At the beginning, we will implement a testing table with 3K records to be use it in the examples of this article. This demo table is created and filled with data using the T-SQL script below:
1 2 3 4 5 6 7 8 9 10 11 12 13 14 15 16 17 18 19 20 21 22 23 24 25 26 27 28 29 30 31 32 |
CREATE TABLE ExPlanOperator_P3 ( ID INT IDENTITY(1, 1) ,STD_Name VARCHAR(50) ,STD_BirthDate DATETIME ,STD_Address VARCHAR(MAX) ,STD_Grade INT ) GO INSERT INTO ExPlanOperator_P3 VALUES ( 'AA' ,'1998-05-30' ,'BB' ,93 ) GO 1000 INSERT INTO ExPlanOperator_P3 VALUES ( 'CC' ,'1998-10-13' ,'DD' ,78 ) GO 1000 INSERT INTO ExPlanOperator_P3 VALUES ( 'EE' ,'1998-06-24' ,'FF' ,85 ) GO 1000 |
SQL Server Aggregate Operator – Stream Aggregate
The Aggregate Operator is mainly used to calculate the aggregate expressions in the submitted query, by grouping the values of an aggregated column. The aggregate expressions include the MIN, MAX, COUNT, AVG, SUM operations. Let us run the below SELECT statement that retrieved the top 10 students who got the highest grade. And we will include the Actual SQL Execution Plan of the query. This can be achieved by aggregating the grades of the students to get the maximum grades using the MAX aggregate function. If all information about these top students is required, we should add all these columns in the GROUP BY clause, as shown below:
1 2 3 4 5 6 7 8 9 10 |
SELECT TOP 10 ID ,STD_Name ,STD_BirthDate ,STD_Address ,MAX(STD_Grade) FROM ExPlanOperator_P3 GROUP BY ID ,STD_Name ,STD_BirthDate ,STD_Address |
Checking the SQL execution plan generated after executing that query, you will see that the SQL Server Engine will retrieve the rows from the table, then sort these values based on the columns specified in the GROUP BY clause and aggregate these values using the fastest aggregation method, which is the Stream Aggregate Operator.
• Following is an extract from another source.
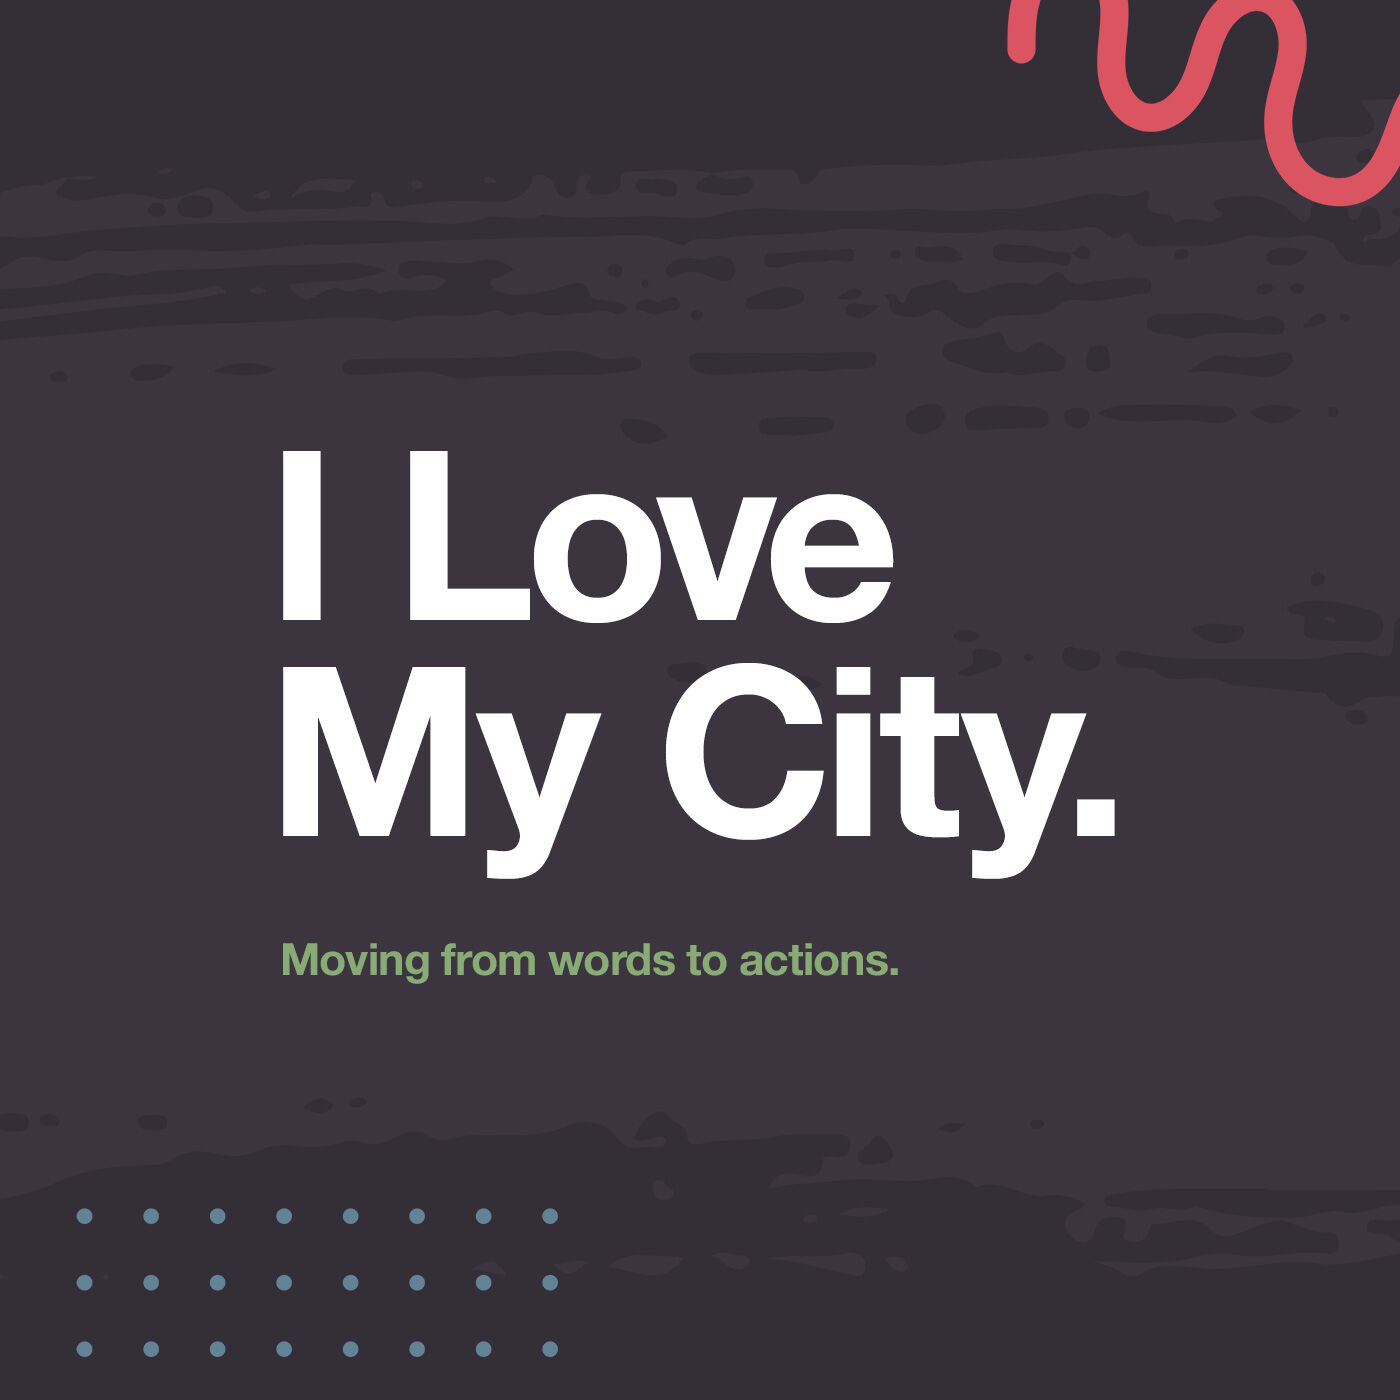 I Love My City 2021, Week 4
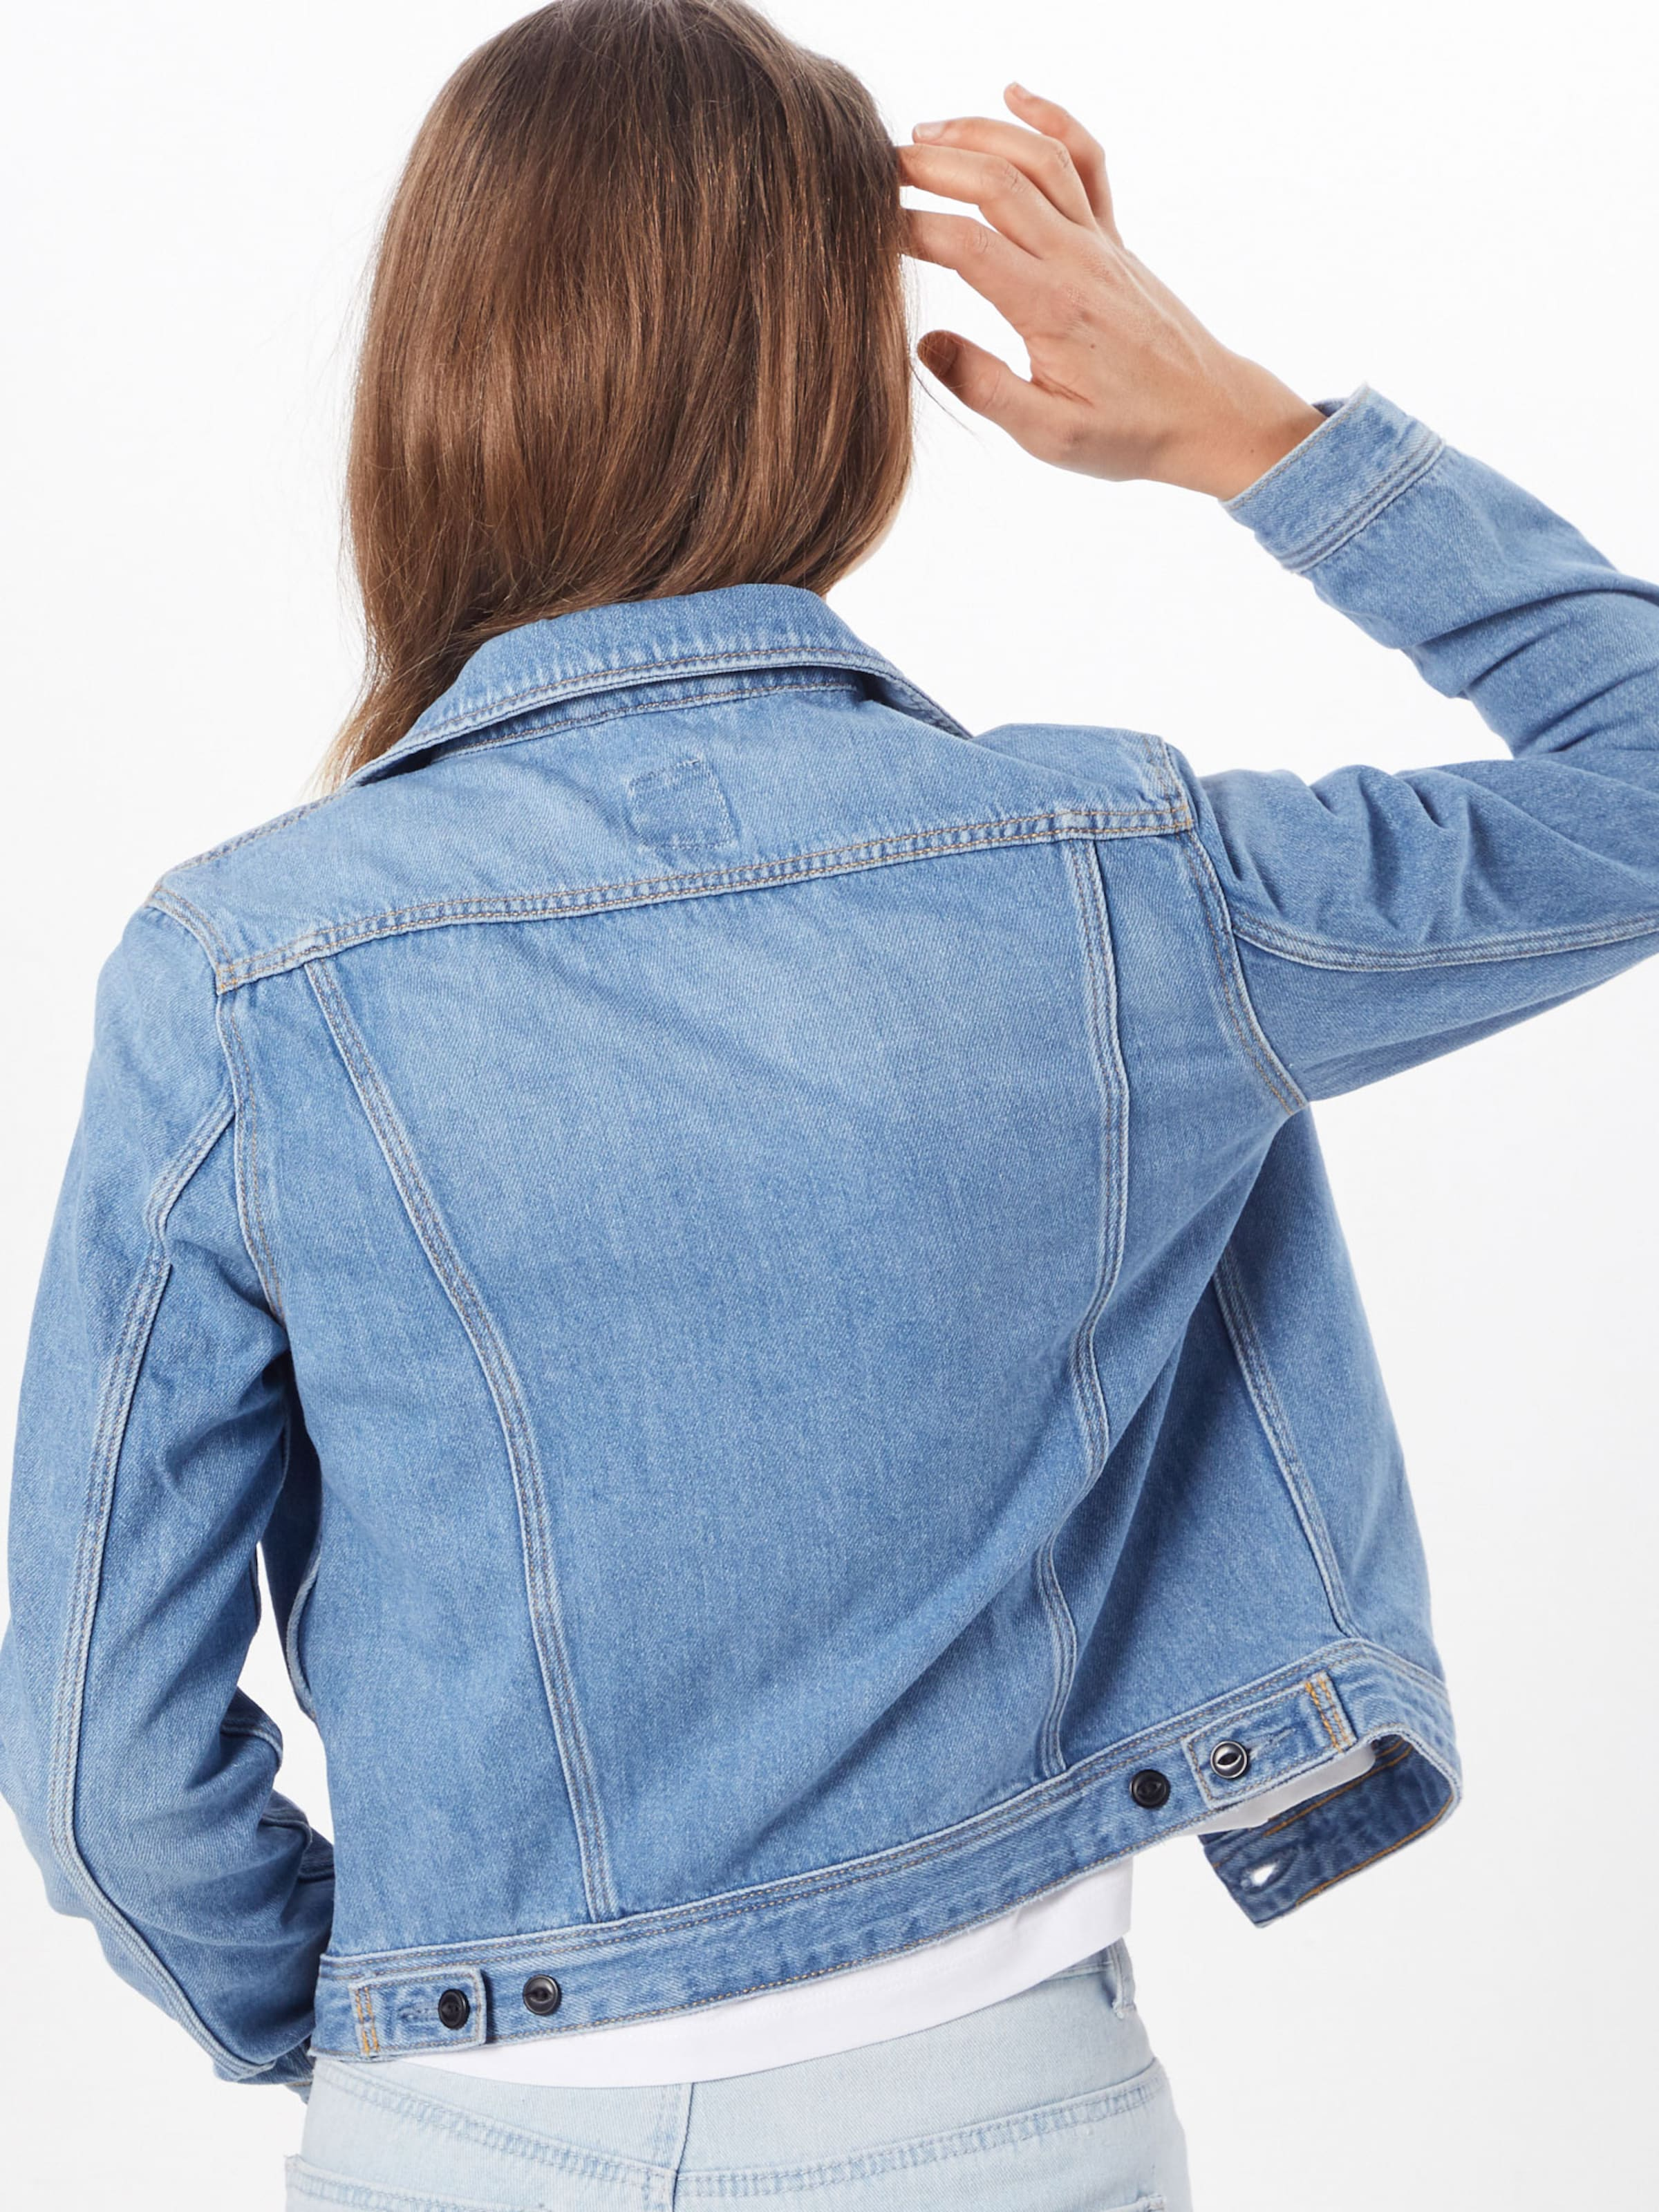 Veste Jacket' Denim Mi Bleu Lee En saison 'rider I7gyvmYf6b

The Stream Aggregate operator is fast due to the fact that it requires the rows to be sorted based on the columns specified in the GROUP BY clause before aggregating these values. If the rows are not sorted in the Seek or Scan operator, the SQL Server Engine will force the use of the SORT operator, as shown below:
Another example for the Stream Aggregate operator is the AVG aggregate function order, that will compute the SUM and COUNT of the aggregated column and stored the values in Expr1004 and Expr1005 , in order to evaluate the AVG value, as shown below:
SQL Server Compute Scalar Operator
SQL Server Compute Scalar operator is used to calculate a new value from the existing row value by performing a scalar computation operation that results a computed value. These Scalar computations includes conversion or concatenation of the scalar value.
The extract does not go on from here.